2022-06-17 10:52:18+00:00 Submitting deployment to compute.  
2022-06-17 10:52:20+00:00 Checking the status of deployment aml-live-service-model..  
2022-06-17 10:54:07+00:00 Checking the status of inference endpoint aml-live-service-model.  
Failed  
Service deployment polling reached non-successful terminal state, current service state: Failed  
Operation ID: 93d48e89-cb16-4d1c-bbb6-f453acaeaa7f  
More information can be found using '.get_logs()'  
Error:  
{  
  "code": "AciDeploymentFailed",  
  "statusCode": 400,  
  "message": "Aci Deployment failed with exception: Your container application crashed. This may be caused by errors in your scoring file's init() function.  
	1. Please check the logs for your container instance: aml-live-service-model.
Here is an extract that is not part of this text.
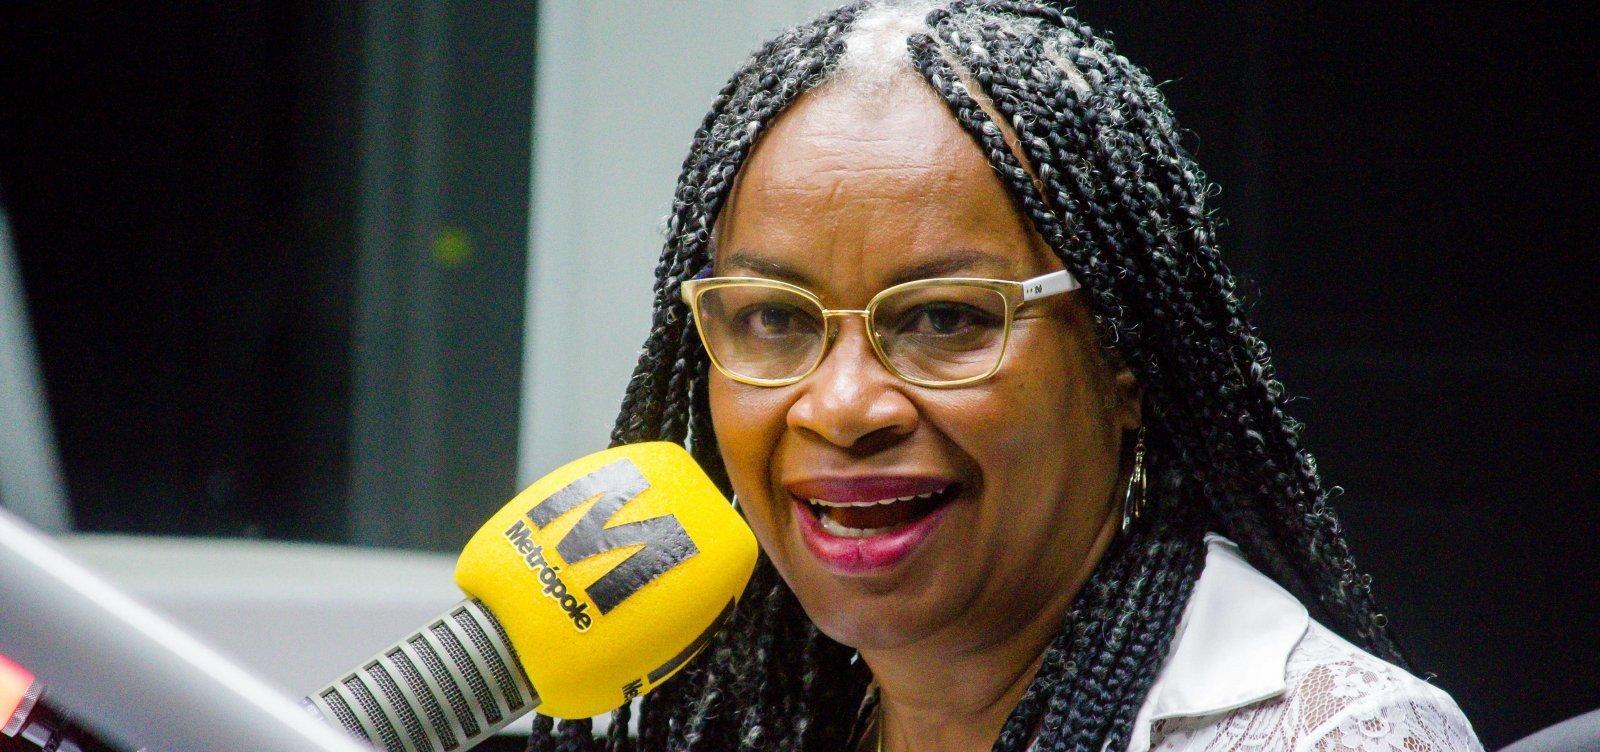 Caso Marcell Moraes: Olívia Santana levará supostas agressões para presidência da AL-BA
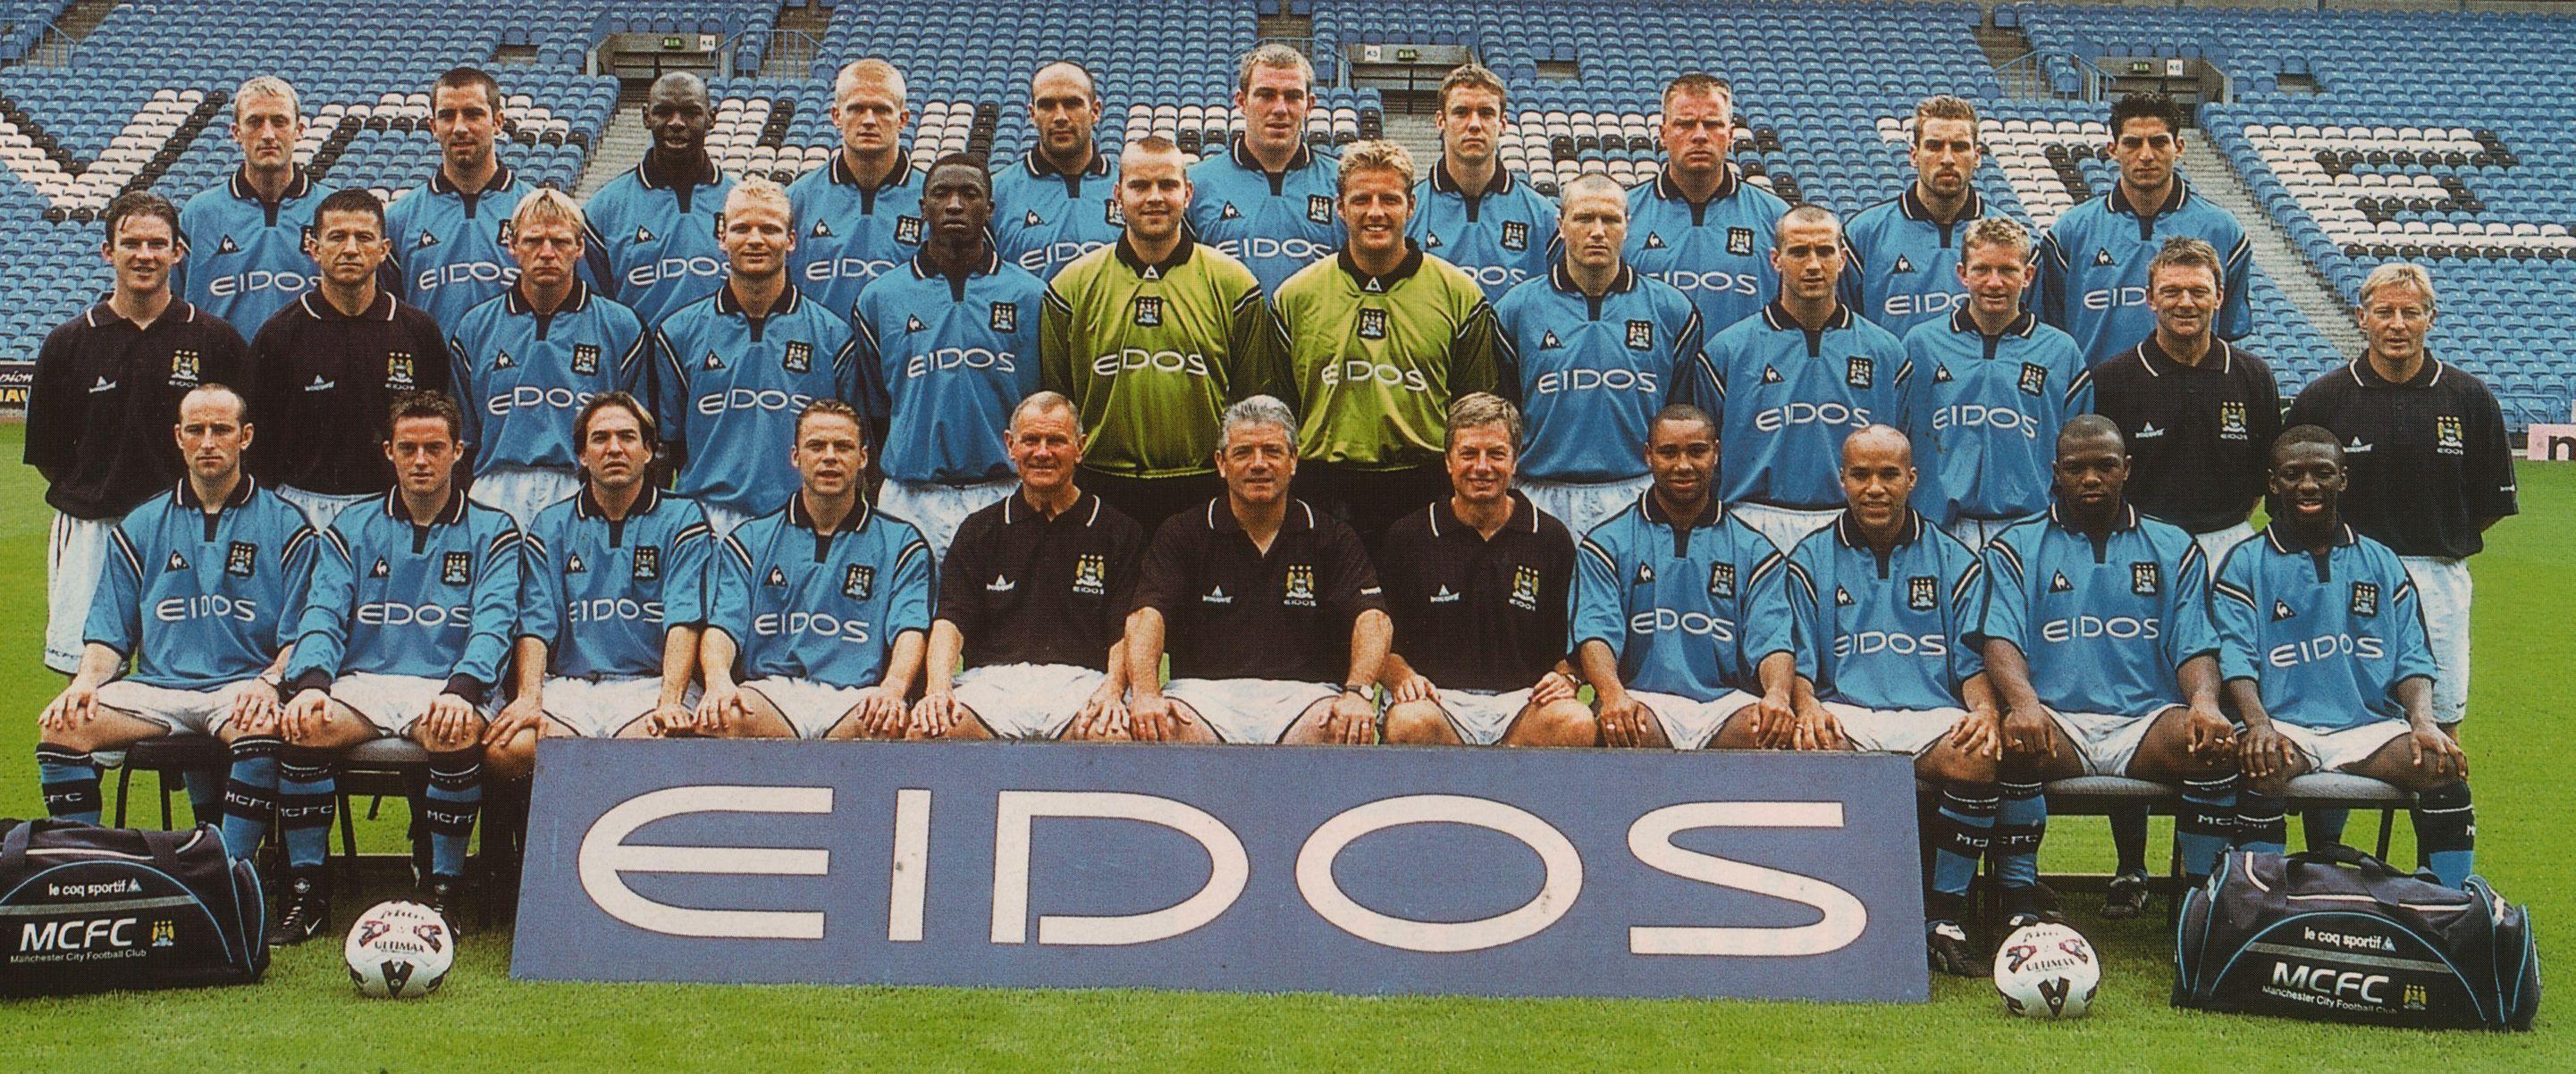 team-photo-2001-to-02.jpg

From the AML SDK, you can run print(service.get_logs()) if you have service object to fetch the logs.  
	2. You can interactively debug your scoring file locally. Please refer to https://learn.microsoft.com/azure/machine-learning/how-to-debug-visual-studio-code#debug-and-troubleshoot-deployments for more information.  
	3. You can also try to run image libraaimlwor4c93b458.azurecr.io/azureml/azureml_8fd1decee2b379a3d59fed509c692f31 locally. Please refer to https://aka.ms/debugimage#service-launch-fails for more information.",  
  "details": [  
    {  
      "code": "CrashLoopBackOff",  
      "message": "Your container application crashed. This may be caused by errors in your scoring file's init() function.  
	1. Please check the logs for your container instance: aml-live-service-model. From the AML SDK, you can run print(service.get_logs()) if you have service object to fetch the logs.  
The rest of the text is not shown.